- home assistant (just a few currently, more soon)
- paperless:absolutely awesome document management system
- immich: image management with automatic synchro of my mobile taken images (ML features)
- tailscale
- StirlingPDF: simple tools for all things PDF
I really like your idea and the clean, simple execution! I'm looking forward to using it more in the coming days.
I'm curious about the technical side of things—how did you build the app, and how do its inner workings function? Is it open source? If possible, could you share more technical details?
We source the book cover from the publisher, create author entries, etc.
Eventually, we started paying Nielsen a lot of money to use their Book metadata API. It is "ok," and they don't update it often. But it helps us automatically pull in an author's name, book title, genres, and age-group.
We still manually source the book covers as they only have super small and blurry covers. And we screen every book we add to make sure the data is correct.
What is especially frustrating?
- Author names are text and not linked in any way. So we have to decide what is a slightly different name but the same author and what is a different author.
- The BISAC genre standard is full of errors and abuse by publishers. For example, they might tag Dune as "AI" which marks it also as being nonfiction because they don't know how the BISAC standard they created works :).
- It lists book editions and has no concept that all book editions belong to one book.
- No real concept of a book series.
- Terrible book descriptions where publishers put in all kinds of reviews and nonsense that we need to figure out how to scrub eventually. They also abuse weird symbols to make it stand out.
It requires a lot of work to fix and manage all of this.
I am about to redo the entire topic/genre system due to some of these problems (this winter).

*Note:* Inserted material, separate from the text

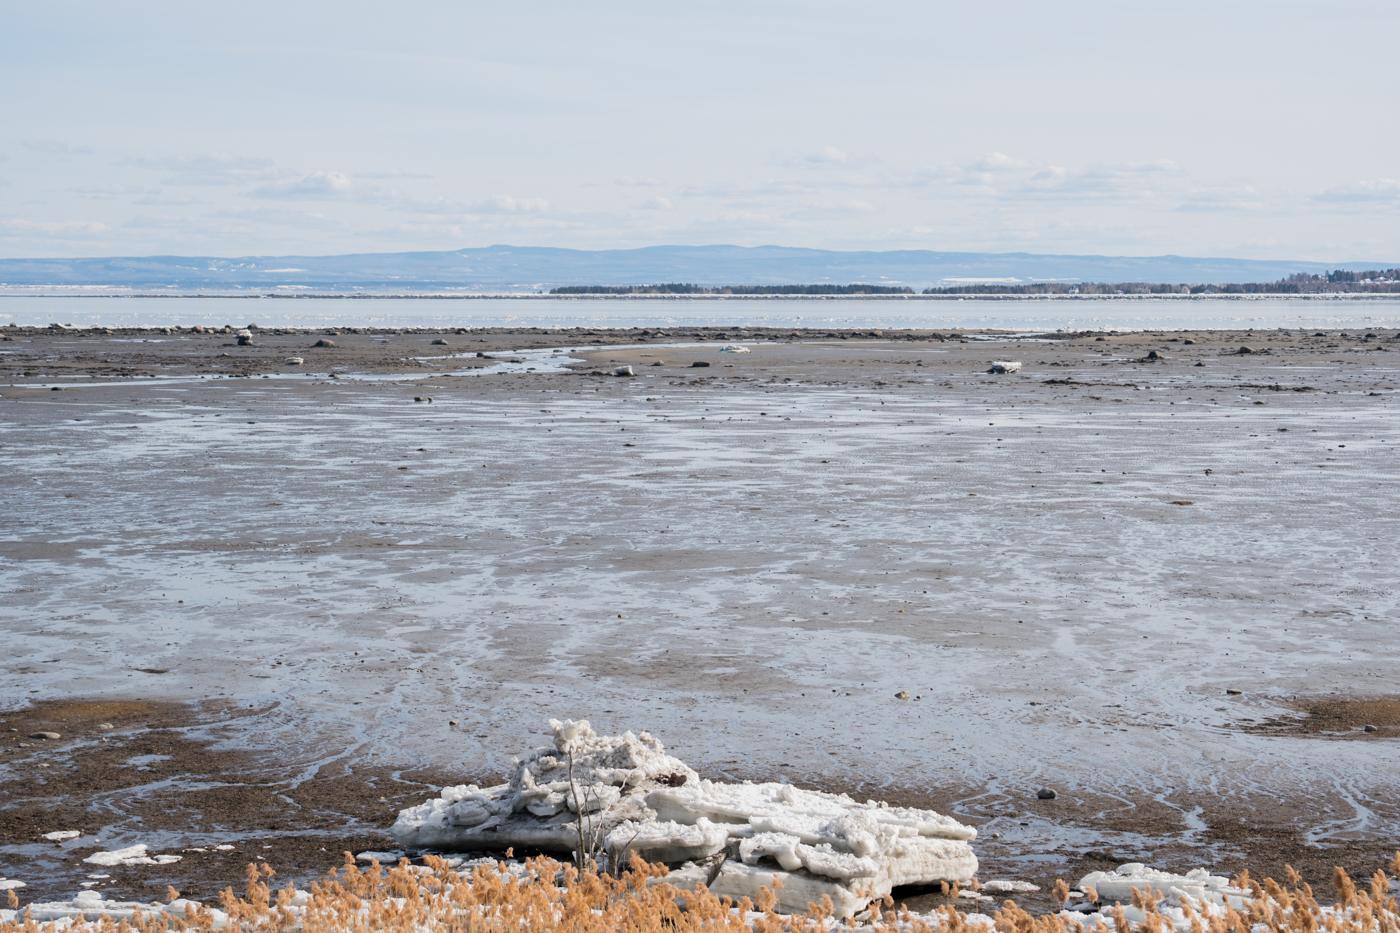 Bord du fleuve Saint-Laurent au Québec

I am hoping to build a database of all books to use with new features in 2025. I don't know what we are going to do here. We might license a full DB of books from Ingrams (expensive) or Bowker. I liked Ingrams, but Bowker didn't email me back for months and gave me a lot of worry about working with them in the future. I might just do the best I can or break down and use Amazon's API (lots of stipulations in using it).
when I asked you, I already suspected that obtaining the data would be a real challenge. It’s actually unbelievable that you have to put in so much (manual) effort to get clean data—and then pay a lot of money for it, too. It’s a bit unfortunate.
I do have one more question: Shepherd.com seems to be specifically tailored for the American book market, right? Are you planning anything in the future to serve an international audience as well?
Since I’m from Germany, I looked into how things are here regarding book data. It seems like we might have it a bit easier when it comes to accessing book information. We have the VLB (https://vlb.de/en/), which provides book data—I’ll look into it more closely. The German National Library (probably similar to the Library of Congress) archives every book published in Germany! Their data might be quite useful too.
By the way, I didn’t realize it was so expensive to get an ISBN...
Wishing you continued success with Shepherd! I think it’s wonderful when someone pours so much passion into an idea—especially one focused on books!
It is frustrating, as this info should be free and accurate. Publishers only benefit if devs can play with it and build cool stuff. Google Books does have an API, but crazy rules, it can be used for private projects.
Ya, I am focused on the global English market, so USA, UK, Australia, Ireland, India, and English-speaking readers globally (a lot in Europe).
I would love to do other languages, but I just don't have the resources yet to handle that level of complexity. My hope is one day I can. I'd probably start with Spanish, French, or German.